**Supplied information**.
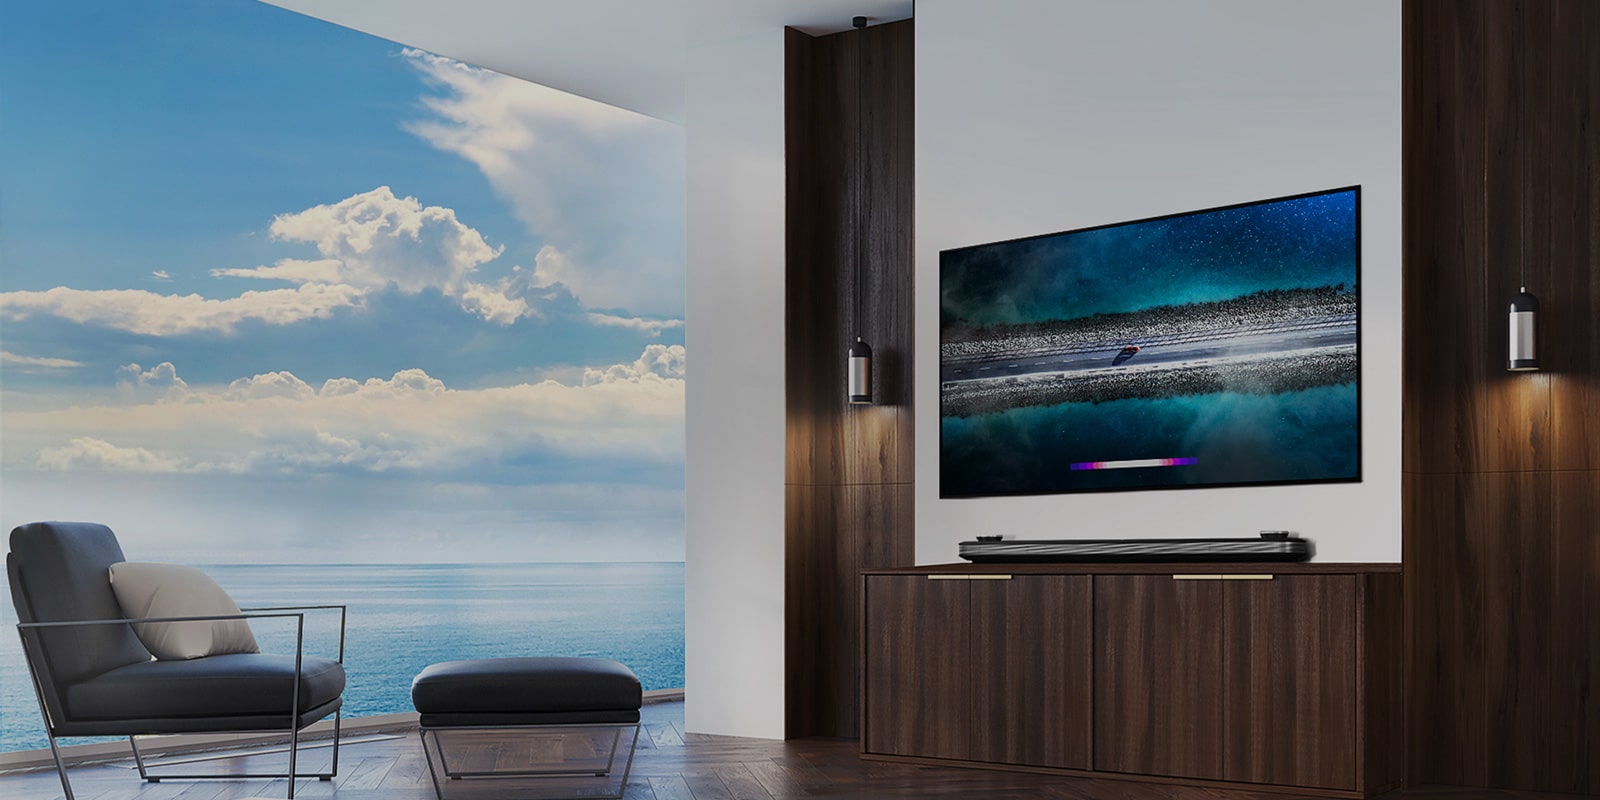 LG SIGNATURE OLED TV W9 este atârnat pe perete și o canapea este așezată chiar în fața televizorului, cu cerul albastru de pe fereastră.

...

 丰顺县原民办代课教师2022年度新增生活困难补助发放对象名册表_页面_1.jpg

==

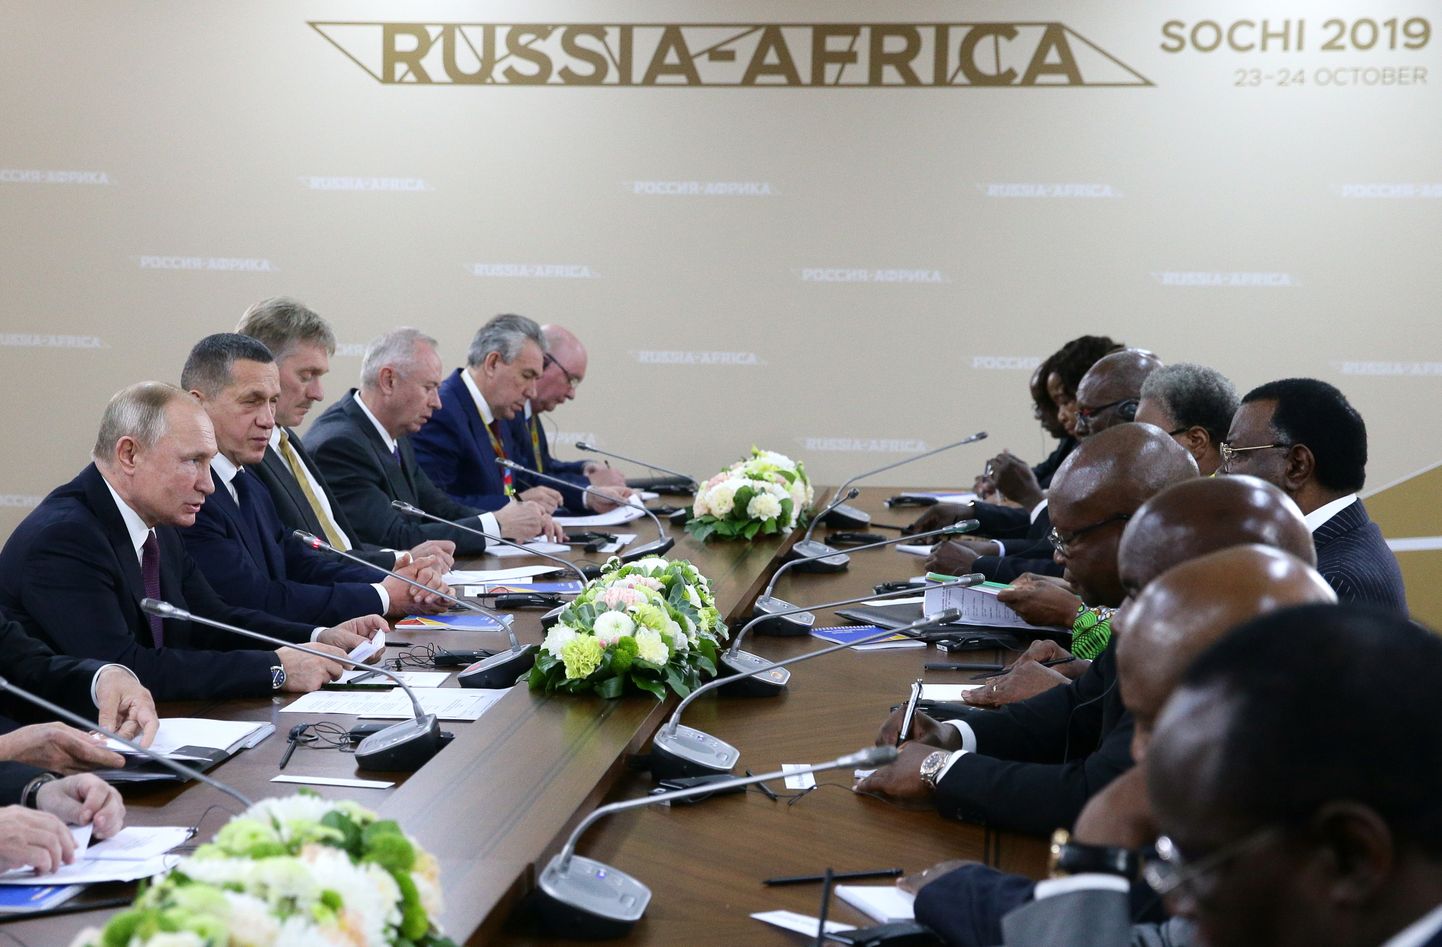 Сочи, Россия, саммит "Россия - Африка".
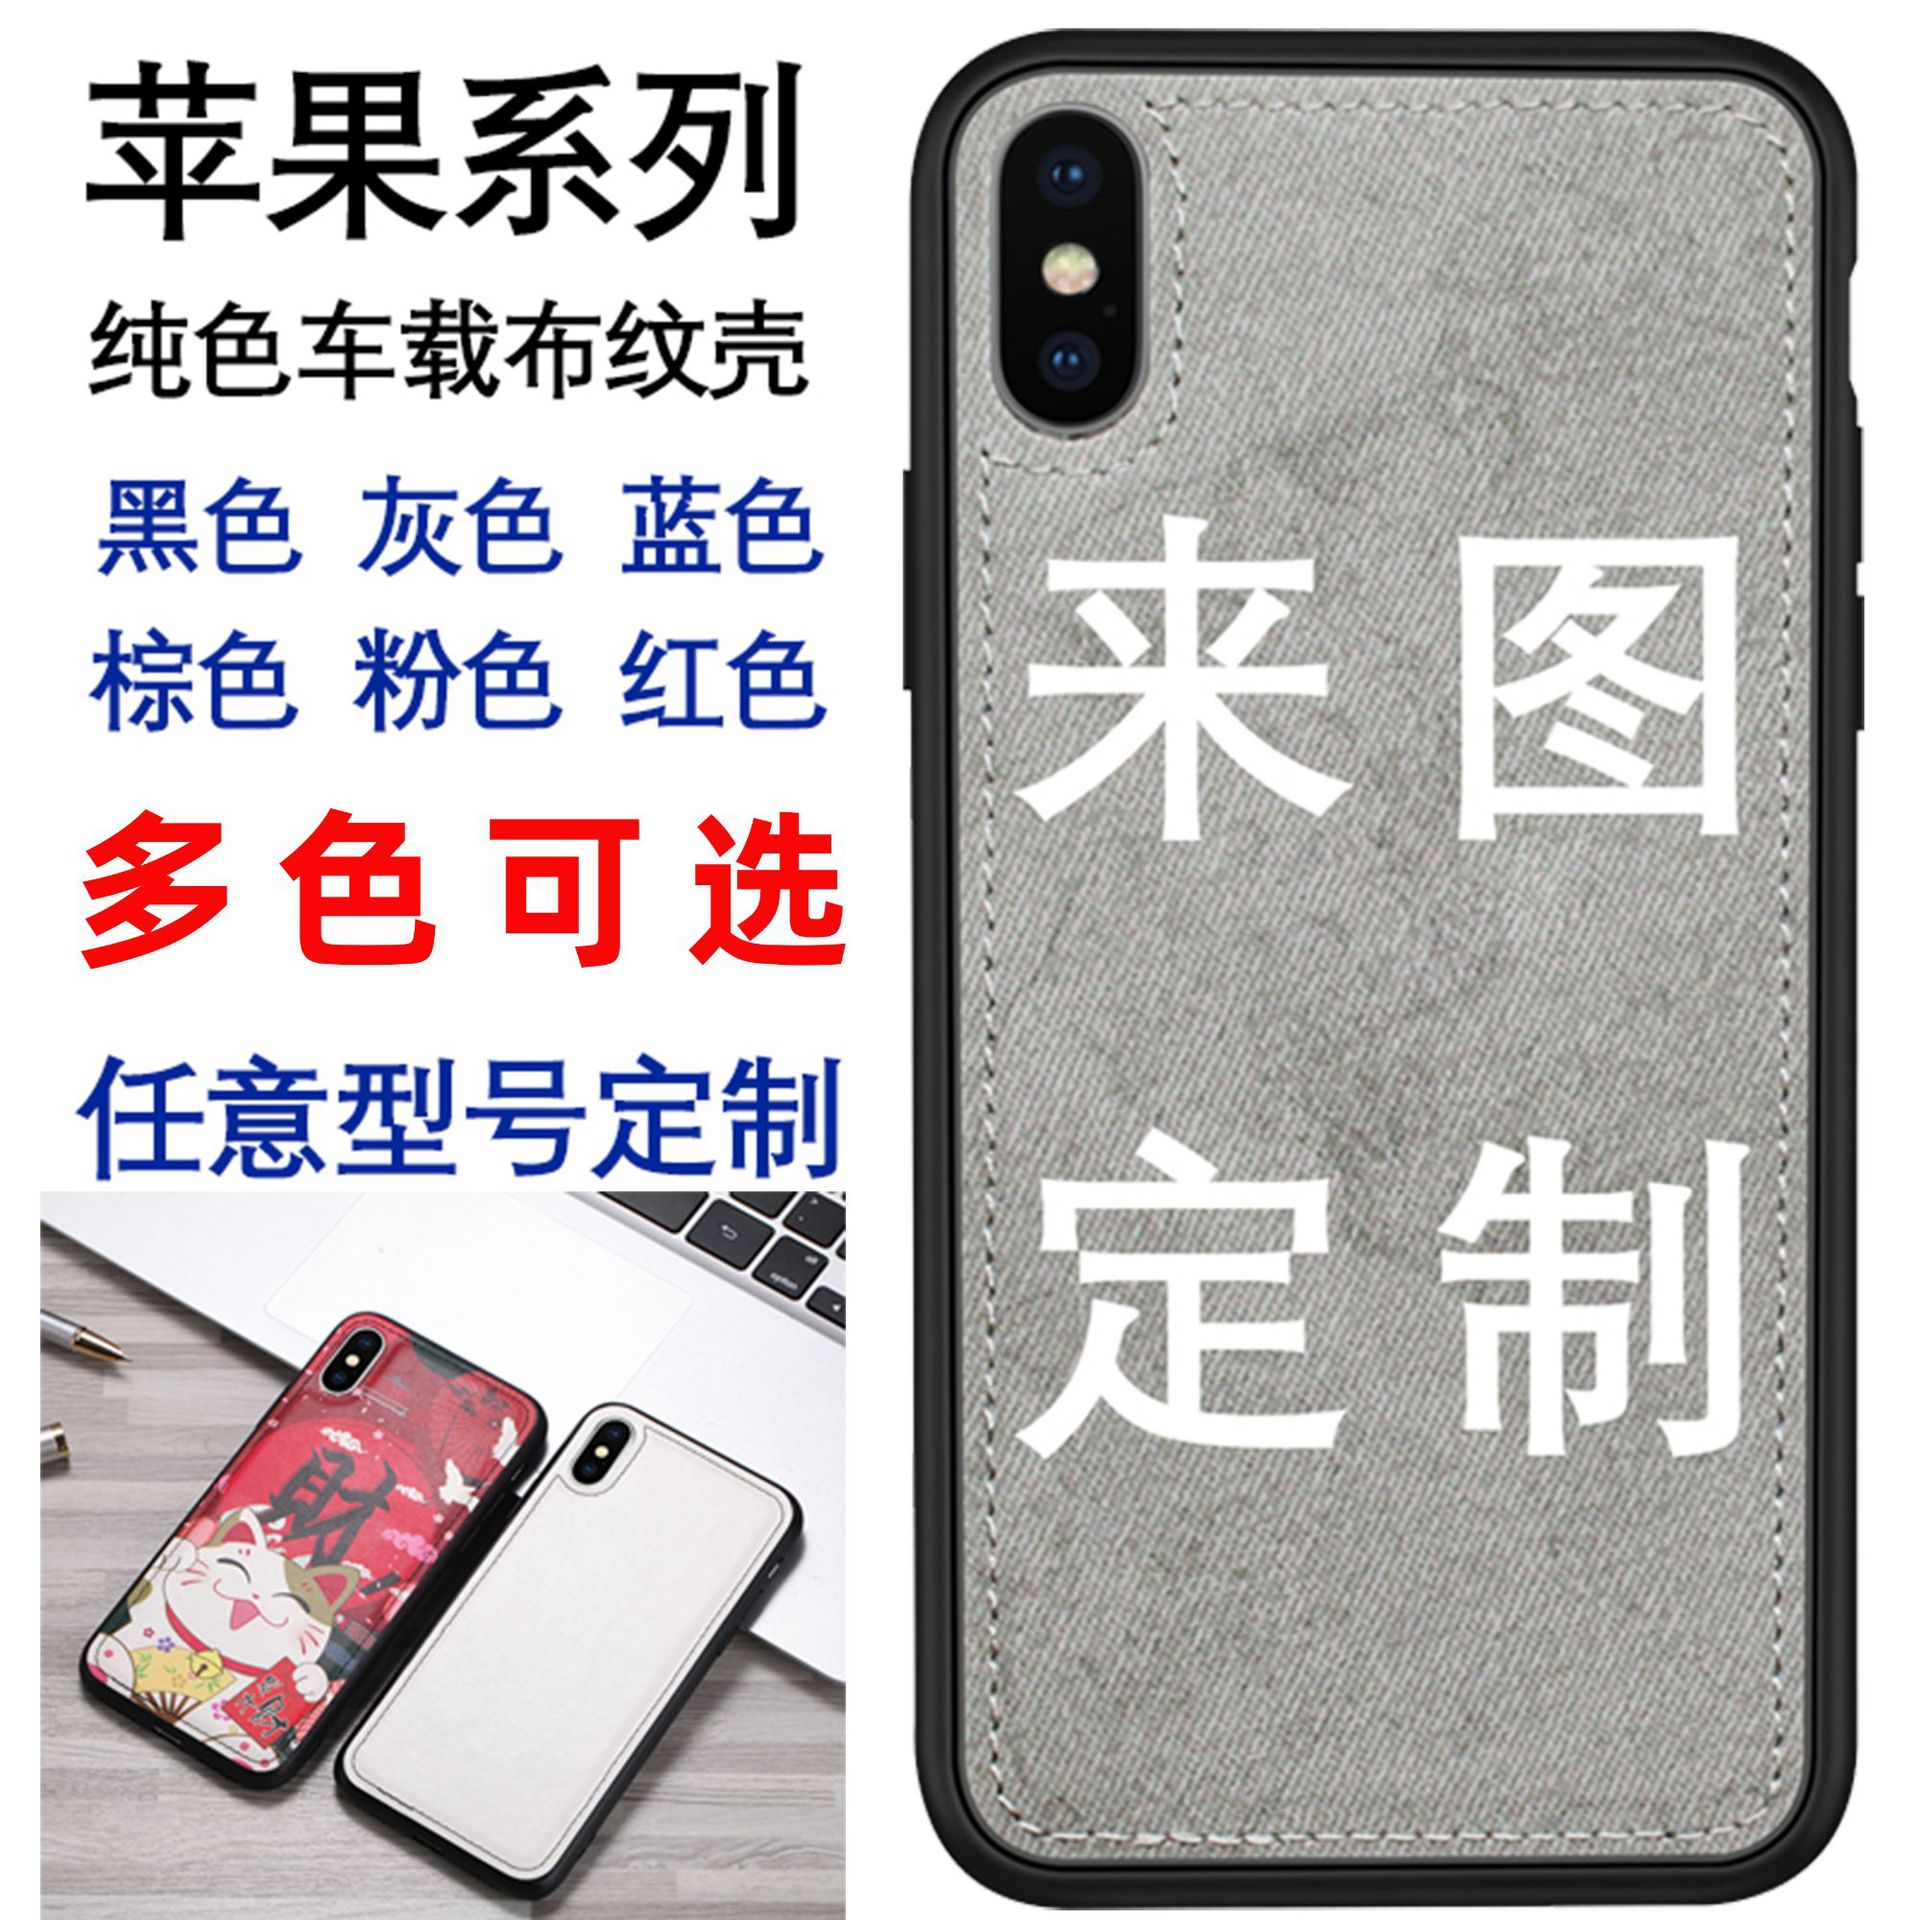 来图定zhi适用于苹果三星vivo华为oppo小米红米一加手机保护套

**Assigned task**. Output exactly, and only, the lines of the entries above from the one with "Сочи, Россия, саммит" up to and including the one with "来图定zhi适用于苹果三星vivo华为oppo小米红米一加手机保护套"; pictures are to be left out.

**Output for this task**.
 Сочи, Россия, саммит "Россия - Африка".
 来图定zhi适用于苹果三星vivo华为oppo小米红米一加手机保护套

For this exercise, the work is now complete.